Top of The data
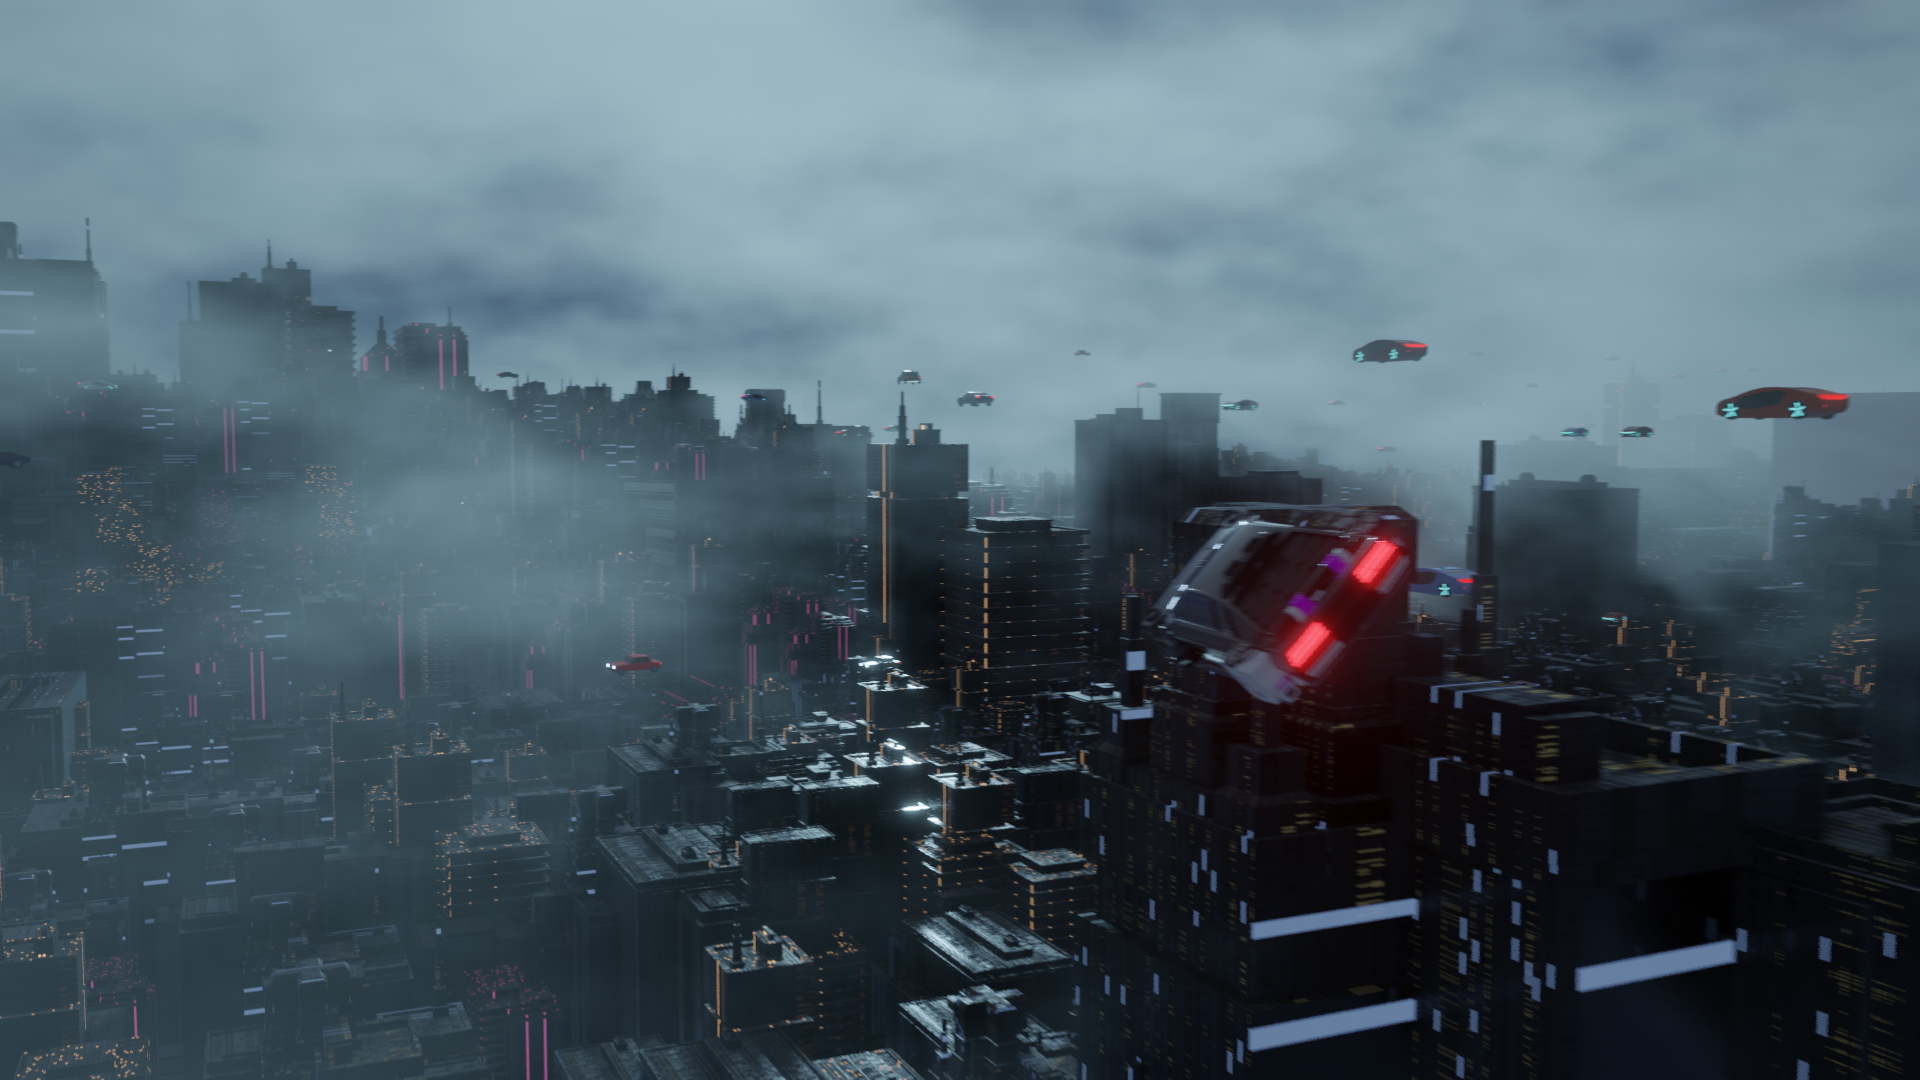 Blade runner style Cityscapes preview image 1
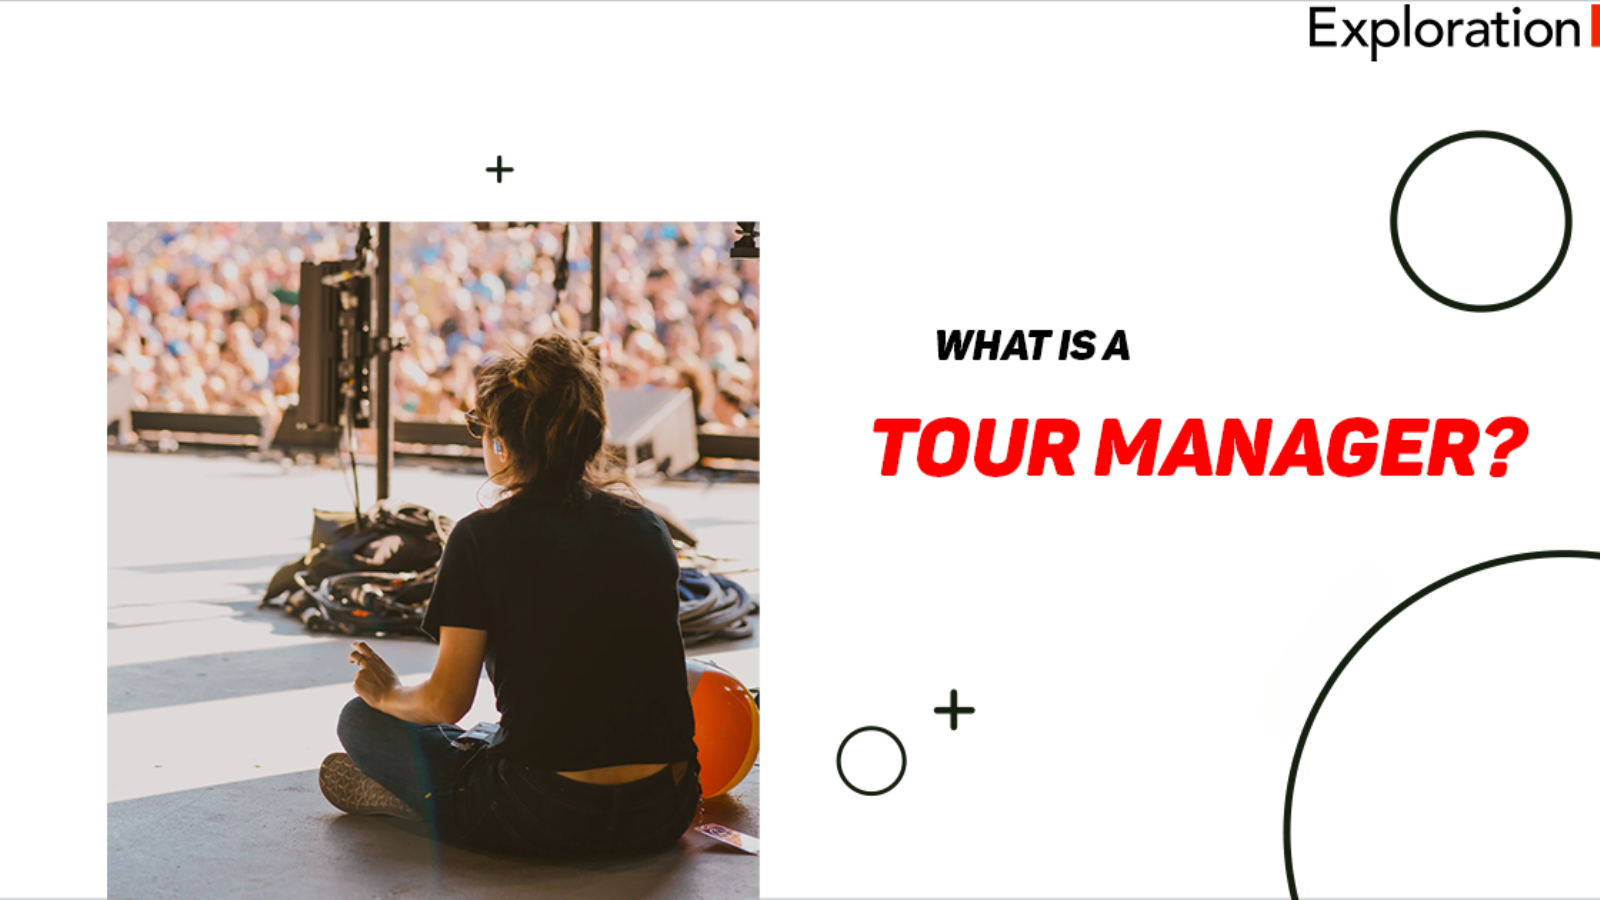 What is a Tour Manager?
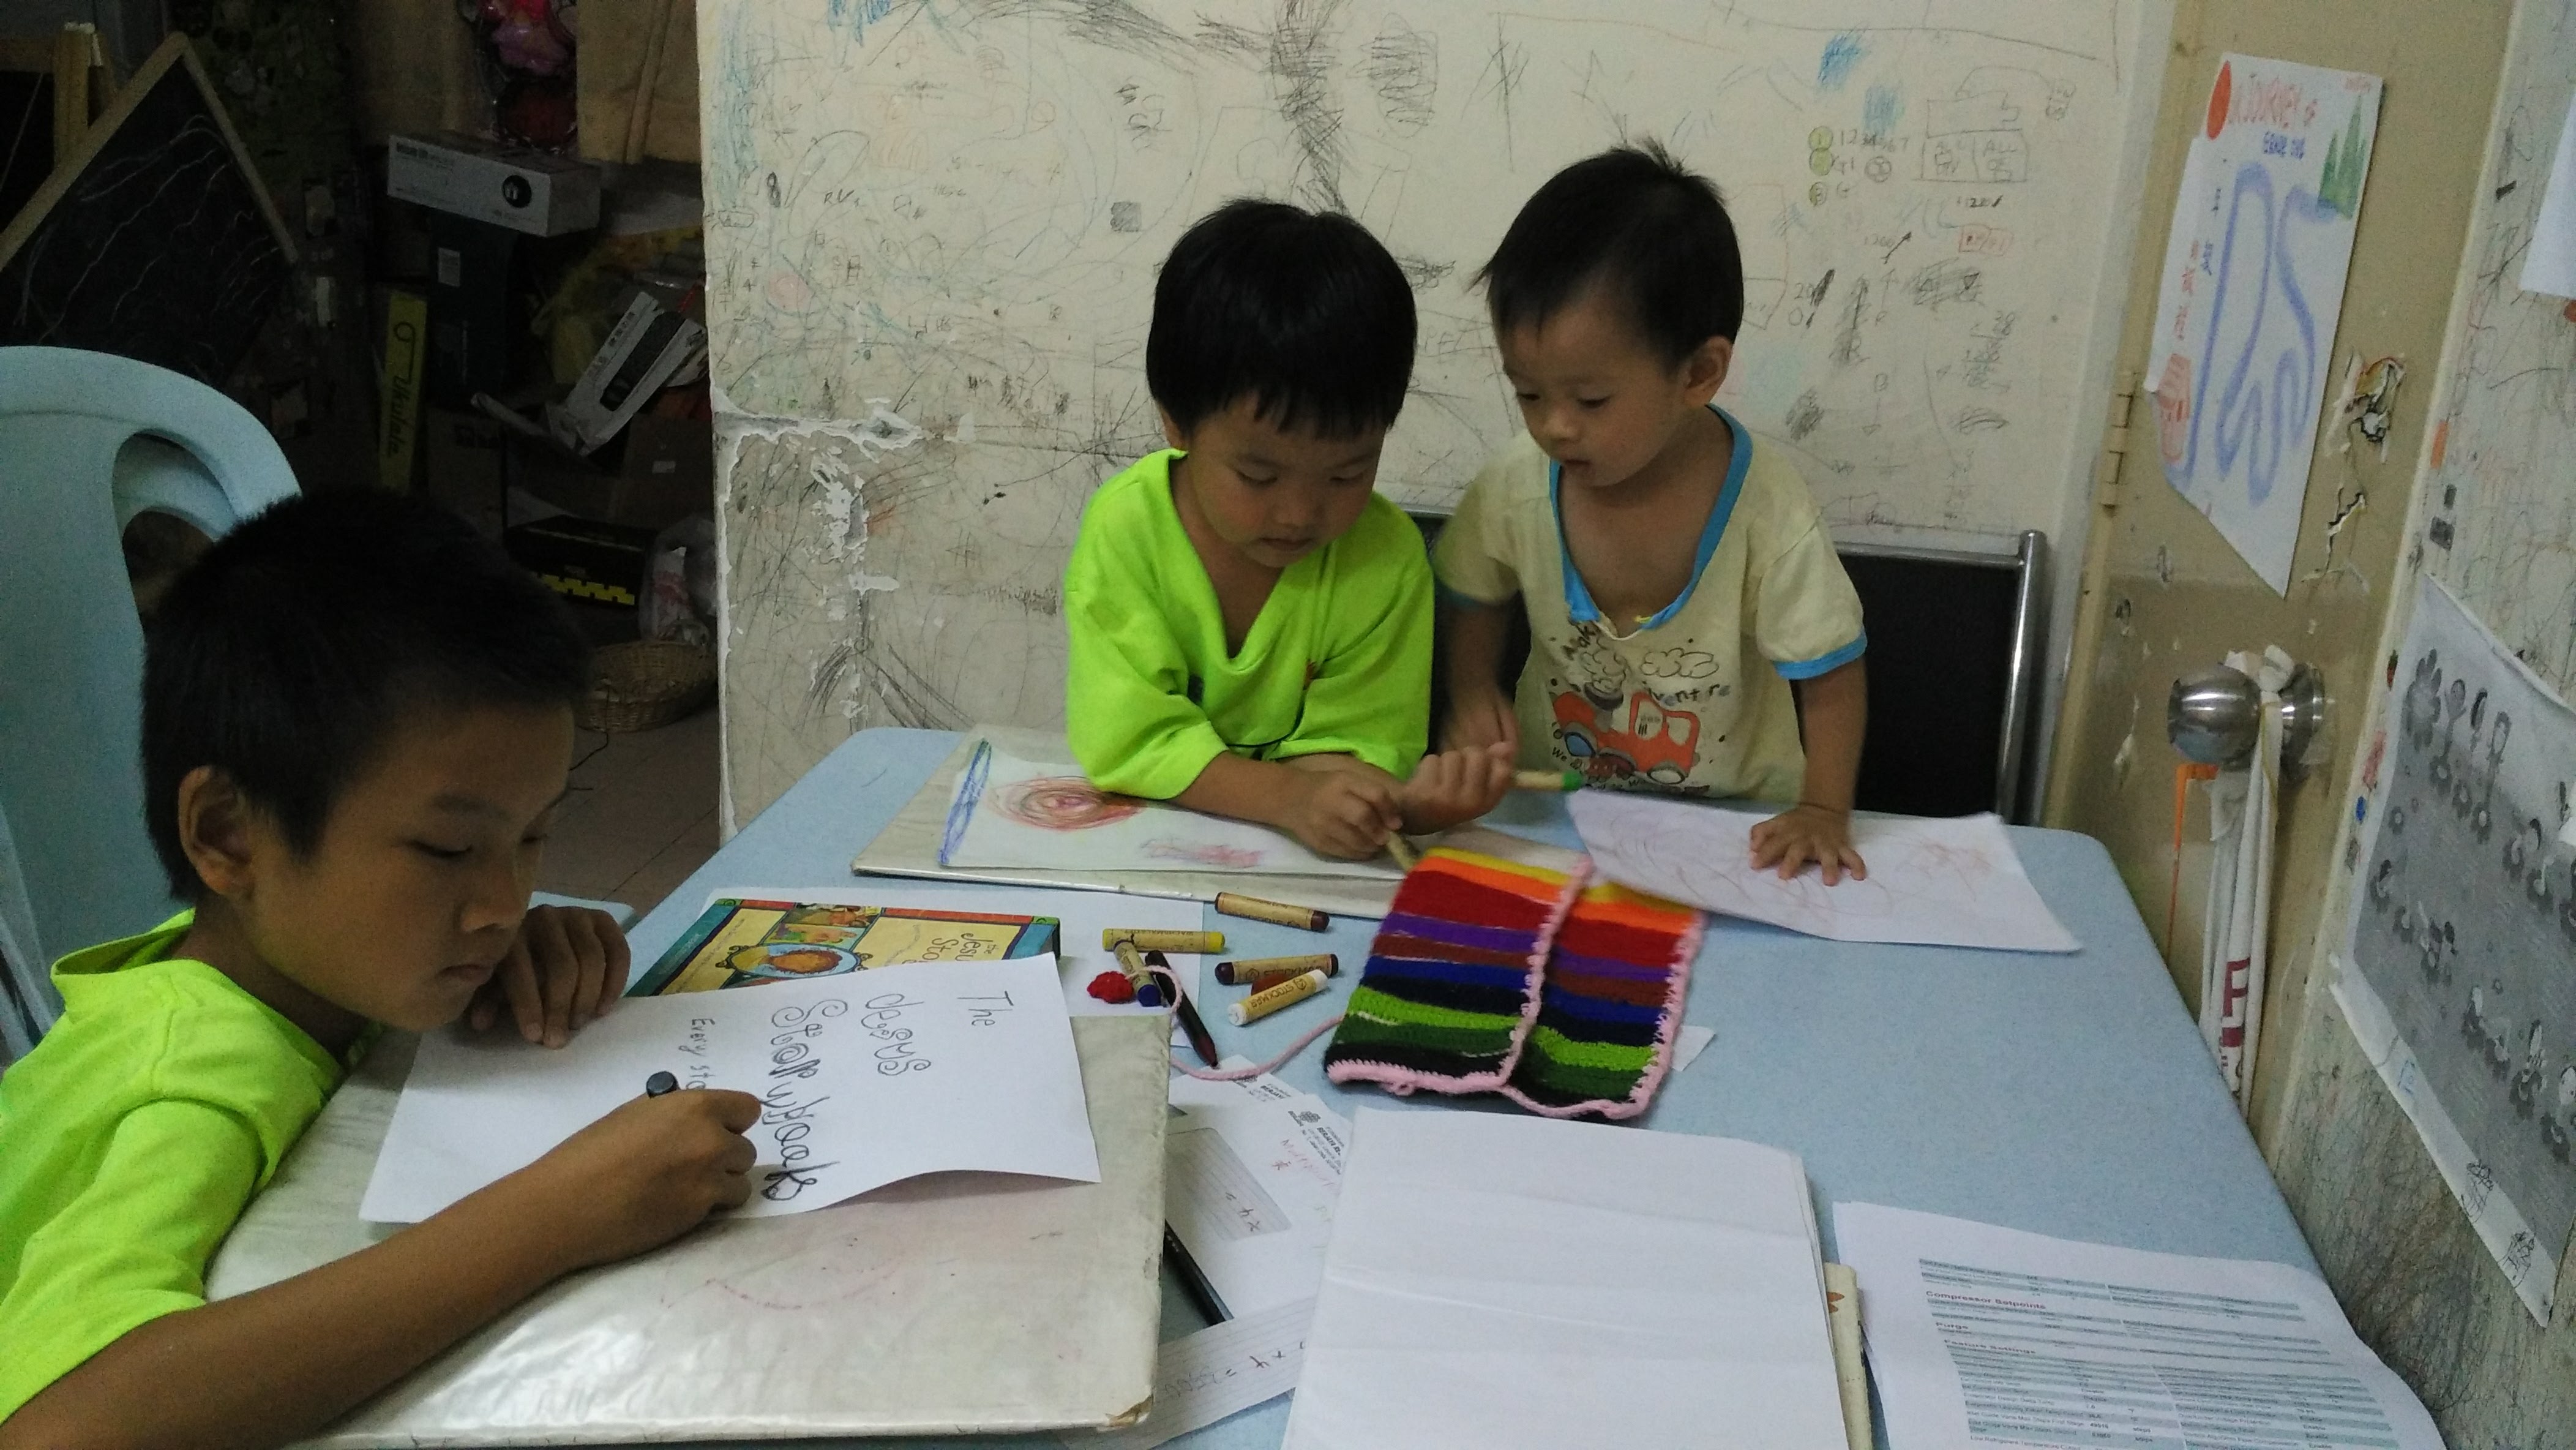 Kids drawing together
Bottom of The data
Required action: You are asked to reproduce each line above exactly, but to exclude the pictures.

Answer section:
 Blade runner style Cityscapes preview image 1
 What is a Tour Manager?
 Kids drawing together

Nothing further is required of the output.